DAS PERFEKTE GEHEIMNIS fährt nun in demselben Fahrwasser und ähnelt DER VORNAME in vielerlei Hinsicht. Auch er legt den Fokus auf ein dialoglastiges Kammerspiel mit grandiosen Schauspielern – und kann damit überzeugen! So ein Film steht und fällt mit den Schauspielern. Der Cast ist erstaunlich: Karoline Herfurth, Elyas M‘Barek, Florian David Fitz, Jella Haase, Frederick Lau, Jessica Schwarz und Wotan Wilke Möhring. Diese Truppe schafft es, Authentizität zu schaffen und kleine Schwächen im Drehbuch aufzufangen.

Das perfekte Geheimnis_Blu-Ray-Cover

INHALT

Sieben Freunde treffen sich zum gemeinsamen Abendessen. Die vier Männer sind seit der Schulzeit die besten Freunde, die drei Frauen (der Anhang der Männer) gehören mittlerweile zur Clique dazu. Kurz vor dem Essen kommt eine Spielidee auf: Jeder legt sein Smartphone offen auf den Tisch. Alle Nachrichten werden laut vorgelesen, alle eingehenden Bilder gezeigt und alle Anrufe auf Lautsprecher gestellt.

Widerwillig stimmt einer nach dem anderen zu. Natürlich haben alle Beteiligten Geheimnisse, die besser nicht rauskommen sollten – mal größerer, mal kleinerer Natur. Doch jetzt kommt alles – irgendwie im wahrsten Sinne des Wortes – auf den Tisch. Nach und nach kommen die geheimen Hintergründe heraus. Jetzt ist die Frage, wie gut die Beziehungen der Freunde zueinander und zu ihren Frauen sind. Halten sie die unangenehme Wahrheit aus?

FAZIT

Die Ausgangsidee (übrigens zuerst im italienischen Film PERFETTI SCONOCIUTI umgesetzt, DAS PERFEKTE GEHEIMNIS ist nur das deutsche Remake) ist recht simpel. Umso schöner ist es, dass sie klug umgesetzt wurde. Es werden einige Themen und Probleme angesprochen (die aus Spoilergründen hier nicht näher beleuchtet werden sollen). Manchmal wirkt der Film fast schon überladen. So manch gelüftetes Geheimnis hätte schon allein genug Konfrontation für einen ganzen Spielfilm geboten, hier werden Dutzende solcher Probleme abgehandelt. Doch stört diese Vielzahl an angesprochenen oder nur kurz angeschnittenen Themen nicht. Zum einen wegen der grandiosen Schauspieler, die ausnahmslos überzeugen. Sie wirken dagegen, wo das Drehbuch etwas zu schnell ist oder zu viel will. Zum anderen aber auch, weil die Lüftung der Geheimnisse klug vorbereitet werden und Missverständnisse und Täuschungen nochmal weitere Spannungselemente hinzufügen.

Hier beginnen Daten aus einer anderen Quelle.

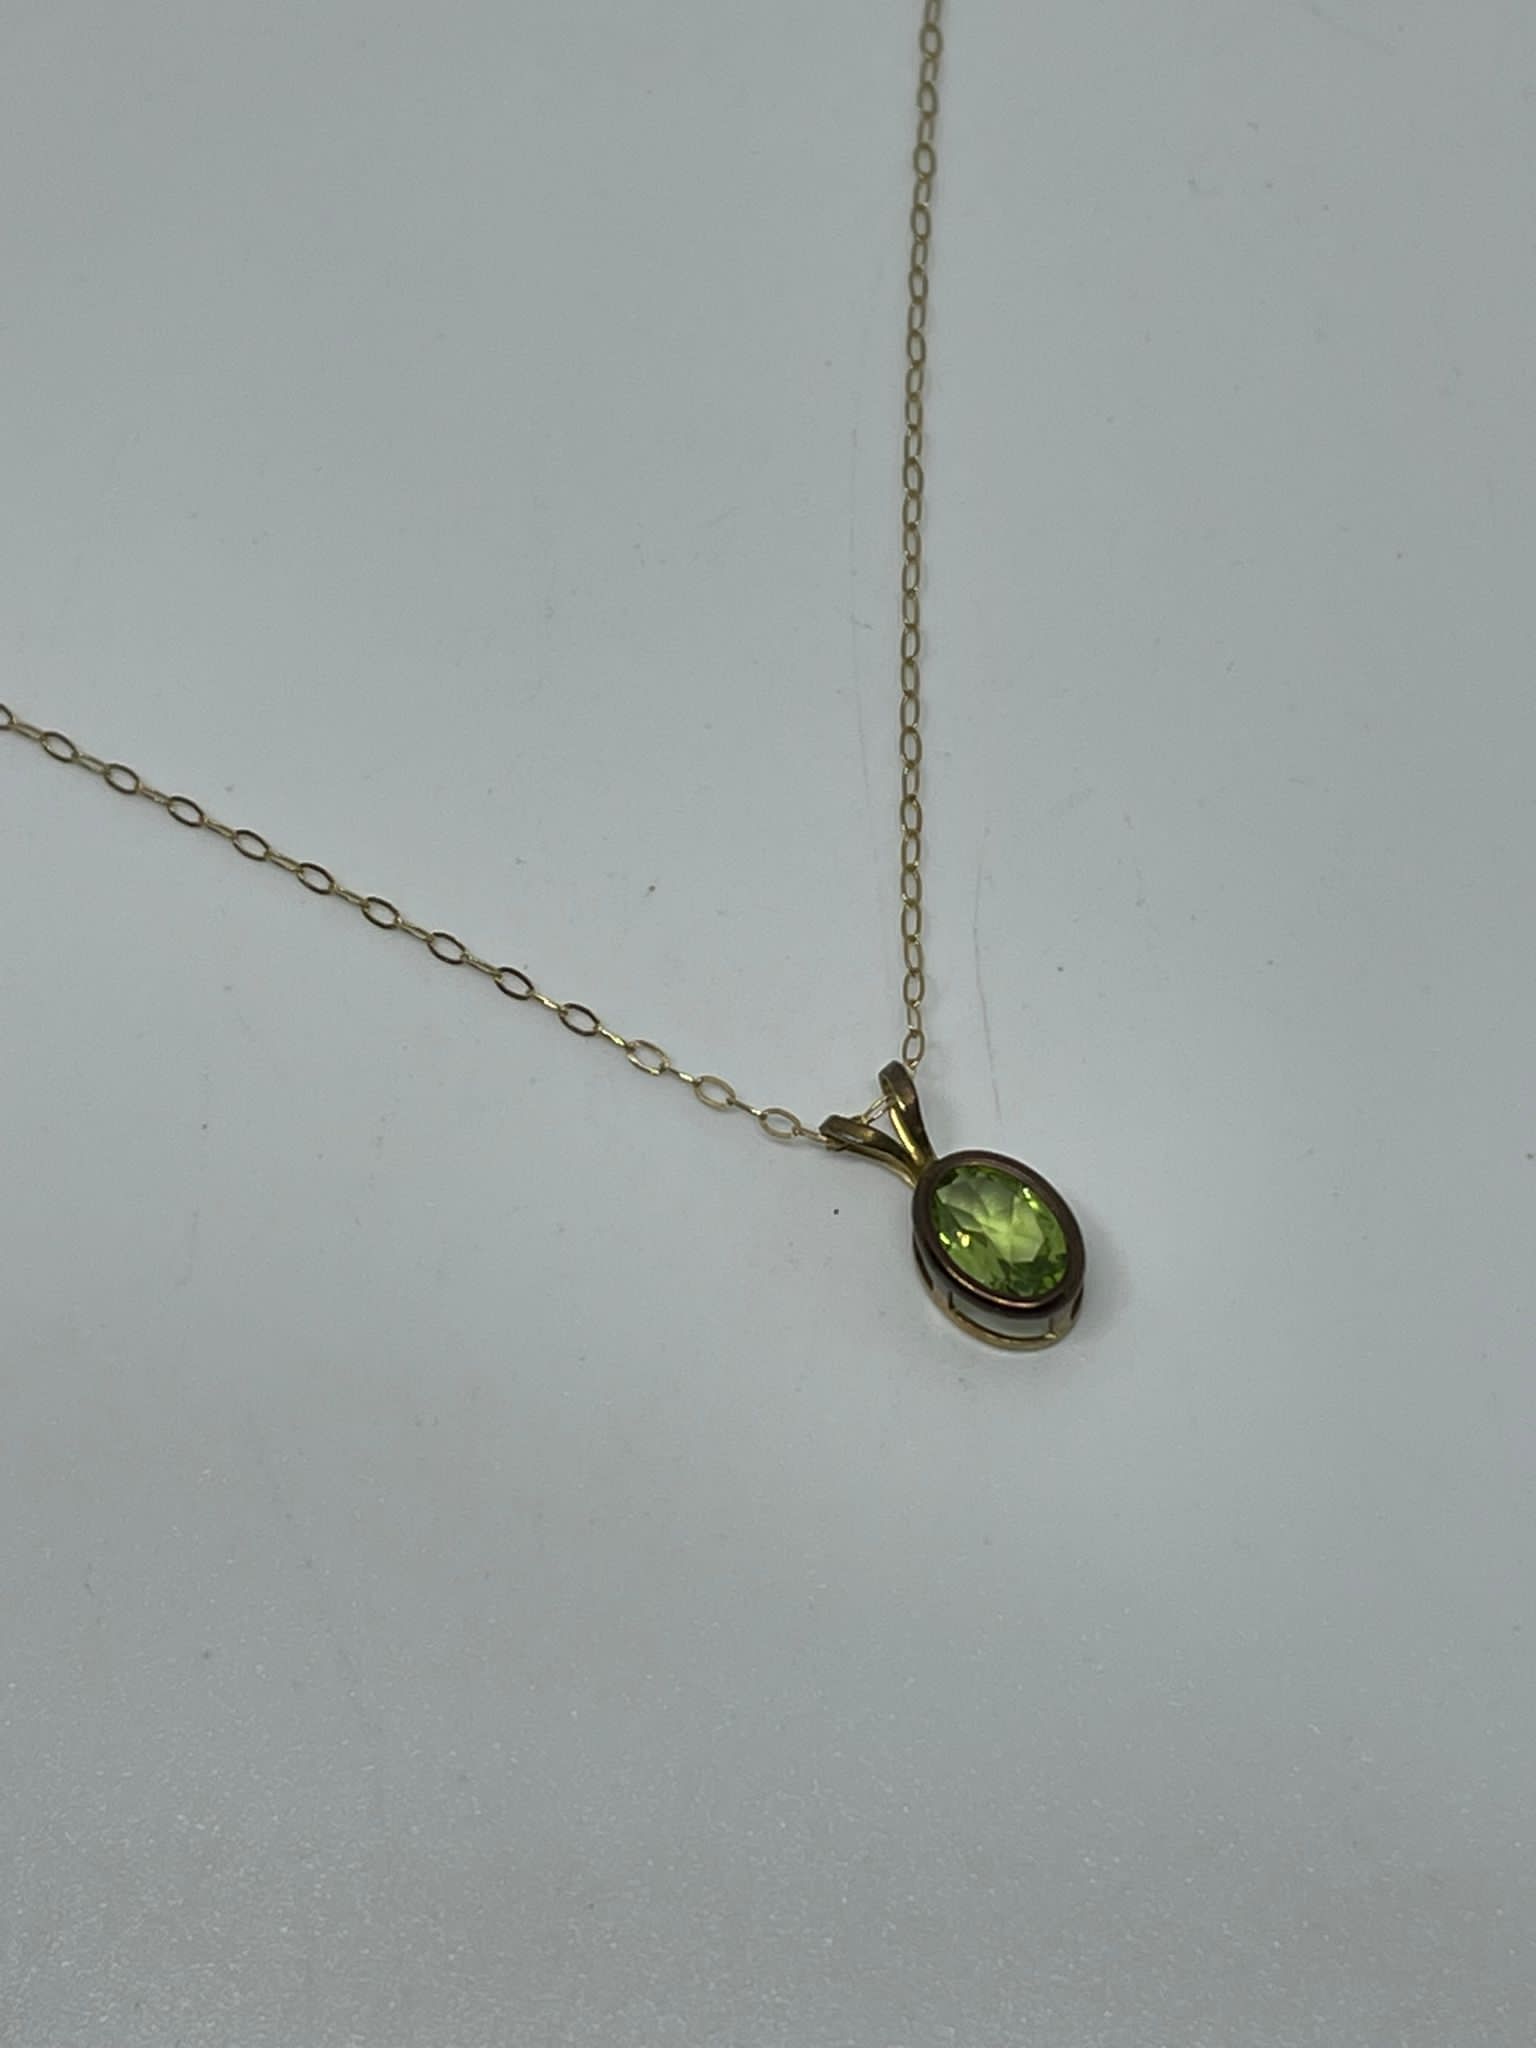 9 ct gold peridot pendant and chain - Image 2 of 2

Jeder kennt es, wenn in einer Gruppe etwas gesagt wird, das eine Linie überschreitet, und die Stimmung plötzlich kippt. Diese unangenehme Atmosphäre stellt DAS PERFEKTE GEHEIMNIS mehrfach absolut authentisch dar, vor allem dank der Leistung der Schauspieler. Dieses Unwohlsein überträgt sich schnell auf den Zuschauer, sodass er nicht ruhig in seinem Sessel sitzt, sondern fast durchgehend eine Angespanntheit spürt – was aber nicht daran hindert, bei den zahlreichen gelungenen Gags laut und vielleicht auch etwas erlöst zu lachen.

In mehreren Kritiken zum Kinostart wurde der Komödie Schwulenfeindlichkeit unterstellt, was wirklich absurd ist. Diese Kritiken konnten offensichtlich nicht unterscheiden zwischen Aussagen, die die Figuren tätigen, und Aussagen, die der Film macht. Das ist aber ein gewaltiger Unterschied. DAS PERFEKTE GEHEIMNIS positioniert sich ganz klar. Auf beeindruckende Weise stellt er die Macho-Männer bloß, die sich selbst als tolerant und aufgeklärt sehen, durch ihr Schwuchtel- und Tucke-Gerede aber zeigen, dass sie genau das nicht sind. In jedem schwelen eine latente Homophobie und klischeehafte Vorurteile, übrigens auch in einer der Frauen. Sehr schön zeigt die Komödie, wie die Figuren selbst ihre Homophobie abstreiten und wahrscheinlich wirklich nicht wahrnehmen, wie sie aber auf denjenigen wirkt, der betroffen ist. Damit spricht sich der Film klar dafür aus, dass jeder auch sein eigenes Gerede, seine eigenen Gedanken prüfen sollte. Wer dem Film Homophobie unterstellt, hat ihn offensichtlich nicht verstanden.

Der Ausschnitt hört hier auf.